İçeriğe atla

İtalya'nın Antalya'yı işgali

İtalya'nın Antalya'yı işgali, Osmanlı İmparatorluğu'nun parçalanmasının ardından Sevr Antlaşması'na (1919-1922) yol açan çalkantılı dönemde gerçekleşti.

Tarihçe

Arka plan

1915'te, İtalya'nın Fransa, Britanya ve Rusya'nın müttefik güçleri tarafında savaşa girmesi karşılığında, Osmanlı İmparatorluğu'nun parçalanması durumunda, diğer toprakların yanı sıra Türkiye'nin Antalya limanı ve bitişik bölgesini de almasını öngören Londra Paktı imzalandı. Bu bölgede karbonifer bir havza olduğu bildiriliyordu

Mondros Mütarekesi (30 Ekim 1918) ile Osmanlı İmparatorluğu, kazanan güçler tarafından tek taraflı olarak dikte edilen şartları kabul etti. Bu sırada İtalya'da, Londra Paktı'nın hükmünün iptal edileceği korkusuyla "sakatlanan zafer" fikri büyüyordu.

Anadolu'ya İtalyan çıkarması

Sevr Antlaşması (1920) sonrası Anadolu'nun bölünme haritası. Antalya İtalyan işgal bölgesinin merkezinde yer almaktadır.

İşgal öncesinde Antalya'da bir telgraf ağı kuran İtalyanlar, şehirde bir İtalyan okulu açmak üzere birçok rahip, rahibe ve öğretmen getirdiler.[1] İşgali meşrulaştırmak ve halkın desteğini kazanmaya yönelik çeşitli taktikler kullandılar.

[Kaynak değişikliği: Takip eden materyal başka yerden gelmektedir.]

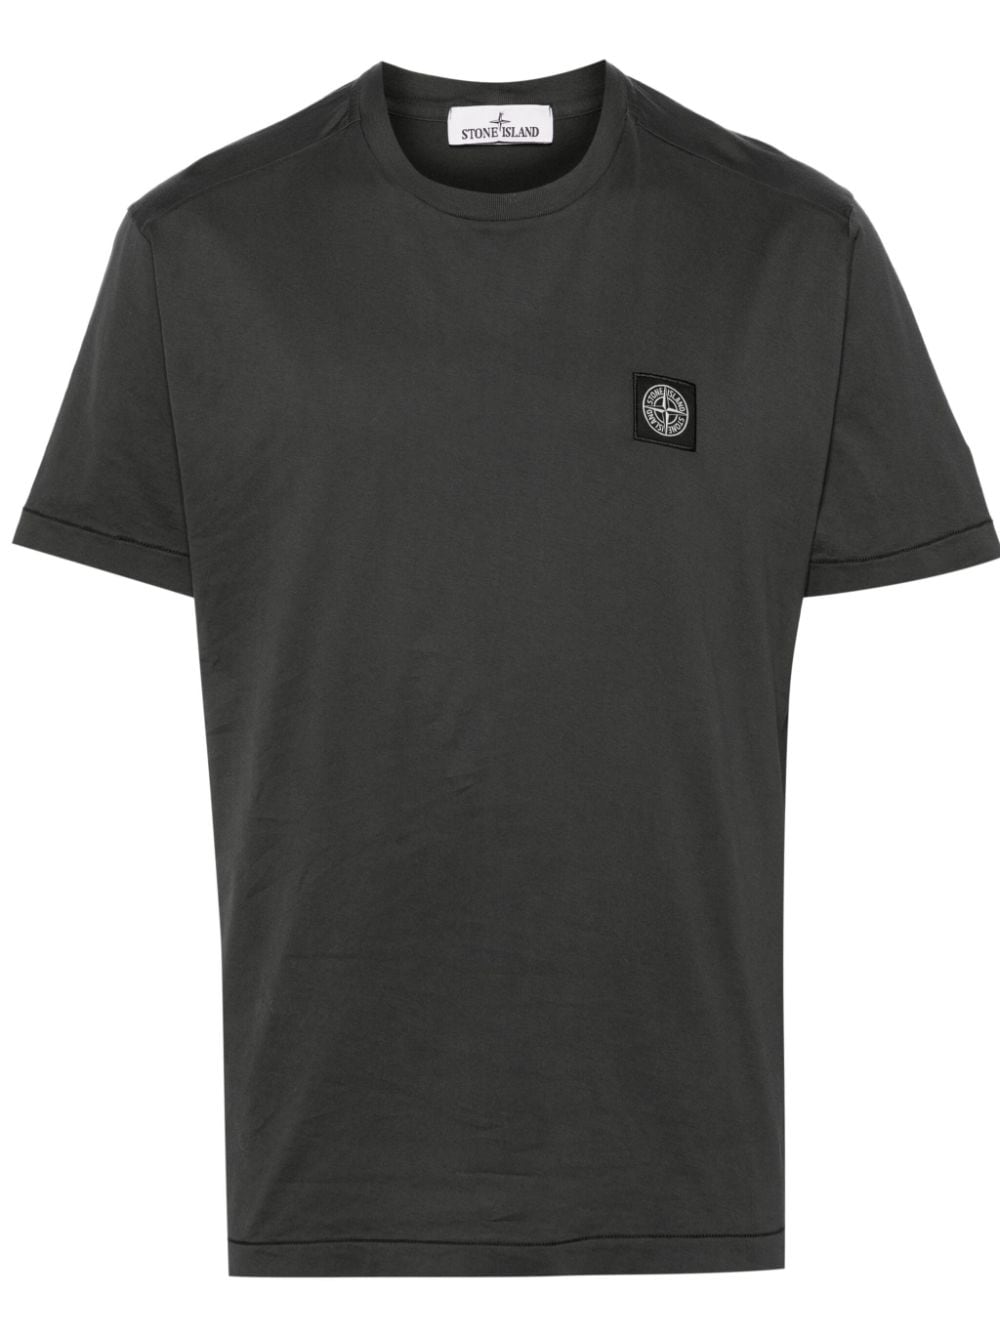 Stone Island - T-Shirt Charcoal 24113 - Lothaire

Bu taktiklerden biri, Antalya esnafının bir İtalyan kruvazörüne davet edilmesi ve onlara iyi muamele yapıldığını belirten bir kağıt imzalatılmasıydı.[2] Esnaf, bu kağıdın ne anlama geldiğini bilmeden imzaladı ve daha sonra İtalyanlar tarafından, şehrin işgaline halkın davetkâr olduğunu kanıtlamak amacıyla kullanıldı.[3] 9 Mart 1919'da, bu şartlar altında, İtalyan hükûmeti, İtalyan bir keşif kuvvetini Antalya'ya çıkardı ve kısa sürede Antalya, Alanya, Muğla, Burdur, Afyon, Akşehir ve Konya gibi yakınlardaki yerleri de "güvenlik ve halkın talebi" gerekçesiyle işgal etti.

İtalya tarafındaki bu güç gösterisi, Londra Paktı'na dahil olmayan ve Anadolu'nun geniş bir bölgesini işgal etmeyi amaçlayan Yunan hükûmetinin sert tepkisiyle karşılaştı. Paris Barış Konferansı'nda İtalya Başbakanı Orlando'nun başkanlığındaki İtalyan heyeti bulunmadığı sırada, Yunanistan Yüksek Konsey'den Ege kıyısındaki Anadolu'ya müdahale izni almayı başardı. Bu nedenle, 15 Mayıs 1919'da Yunan ordusu, İzmir'e çıkarma yaparak Aydın, Manisa, Turgutlu, Ayvalık ve Edremit'i işgal etti.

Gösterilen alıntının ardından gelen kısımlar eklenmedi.